To be honest I don't stick to most of those rules, but I'm still pack leader of my dogs. I do feed mine before me but they are fed in the kitchen and I eat in the lounge, they are absolutely not allowed to beg or even look while people are eating and most definately do not eat off human plates (yuck!!). Mine all sleep on the sofa, but move if I tell them and they all sleep on the bed (usually all at once with me squashed underneath!!)

I always go through the door first, and make them stand and wait when I've opened the van doors before they are allowed to jump out.
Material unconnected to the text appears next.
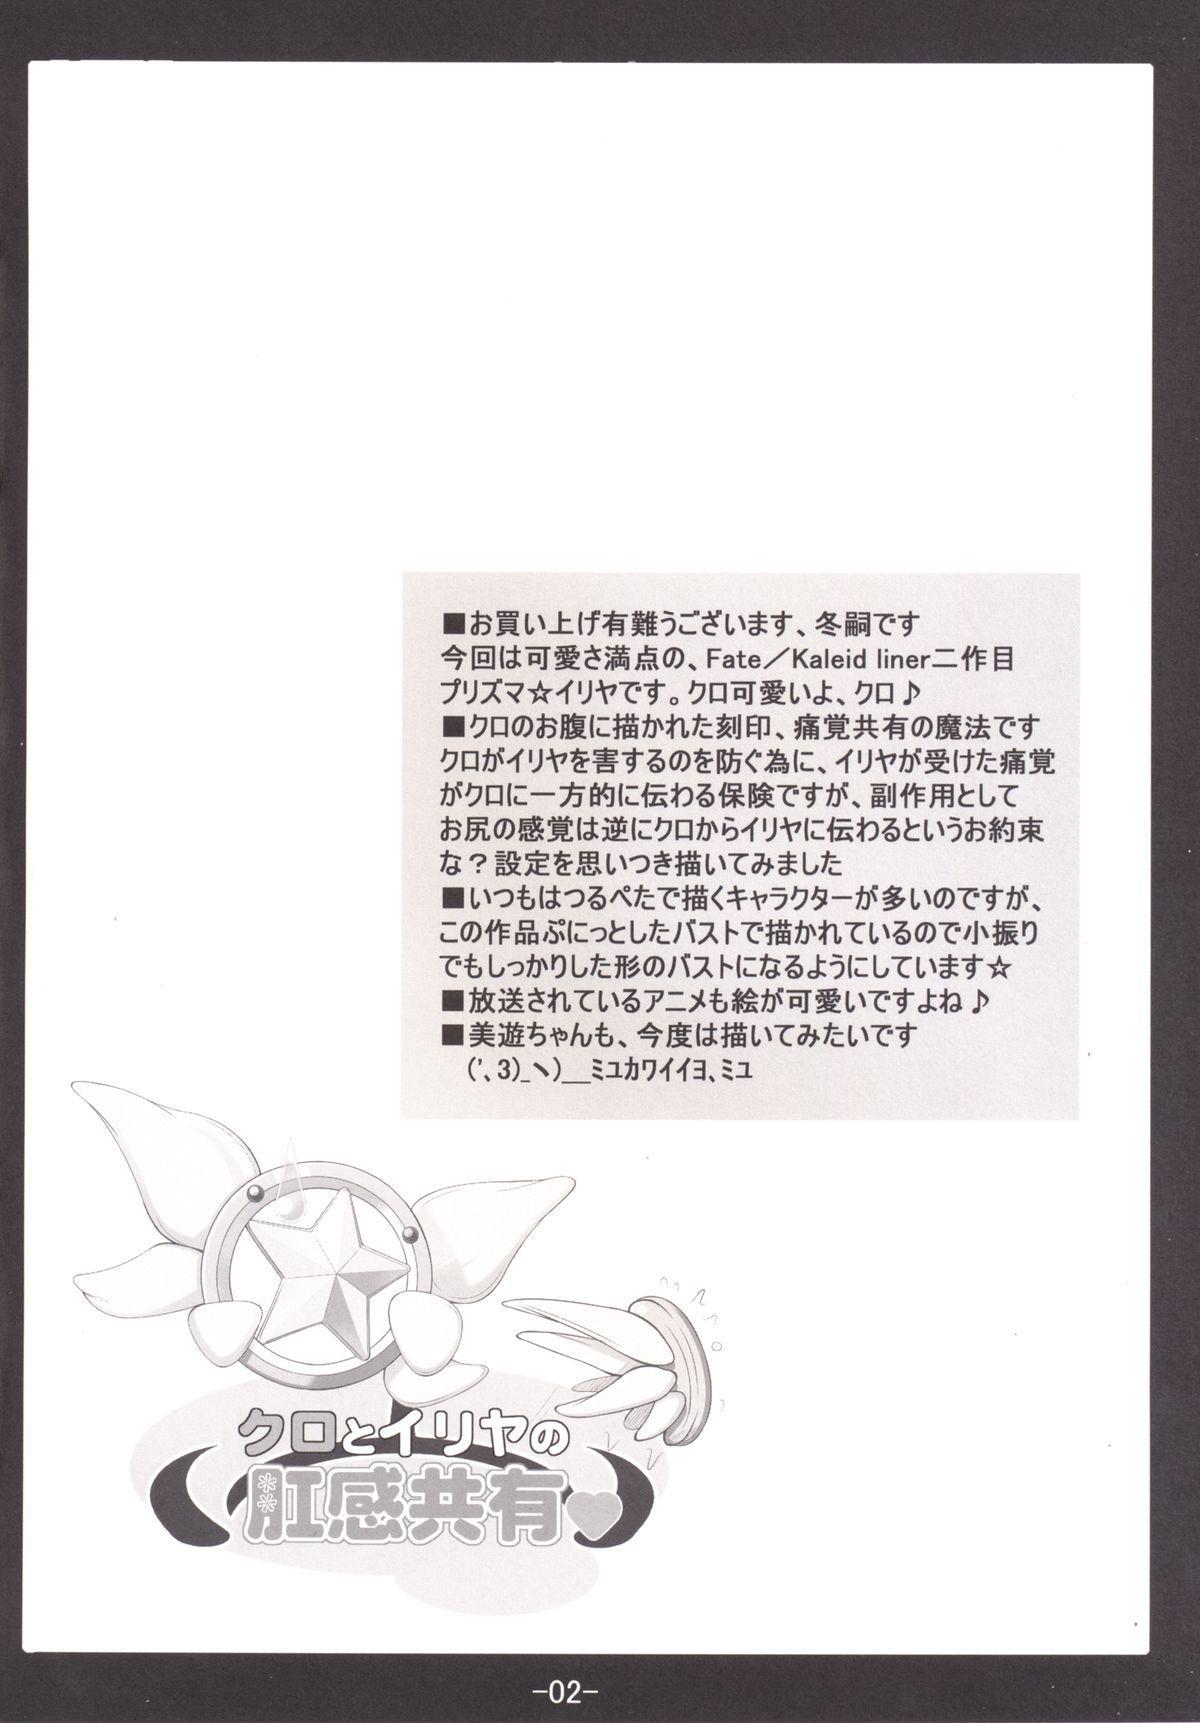 Kuro to Illya no KOUkan Kyouyuu 2

They are not allowed at the front door if someone is there and I instruct ever visitor to ignore them until they have calmed down and can greet them sensibly (the dogs calmed down not the visitor!!!). 

All my dogs (except the new one and he's learning!) walk to heel on my left I can easily walk all 4 perfectly in control just in my left hand and they sit (except wonky Cooper cos he's got bad hips) before crossing the road. 

The main thing you need to learn is an air of control. It's amazing since I decided I'd had enough and I was the leader of my pack (had a lesson from a fab trainer who helped me!!) just me standing taller around them and not reacting to a situation in my old manner (scream and shout!) but being calm and assertive it's made a huge difference!!

Oh yes edited to add, the 'claw' thing he does on their necks is very effective!! I don't like it when he prods them with his foot I find this abit too physical for my liking but the quick claw like poke in the neck does seem to distract them enough to get the attention back to you! With the shush noise alongside it's very effective!


----------



## Bobbie (May 3, 2008)

These are good to start with. You could also try when you do feed her to make her sit while you put her dish down and wait till you say right or good dog


----------



## lexie2007 (Dec 9, 2008)

Thanks guys. There is a lot to be said about body language and being assertive.

She is clever, she will do the sit, stay down, wait, paw etc before I give her food. I can put a dog biscuit under her nose and she will stay down whilst looking at me saying wait wait wait, until I finally say 'go get' and then she eats it and wags her tail.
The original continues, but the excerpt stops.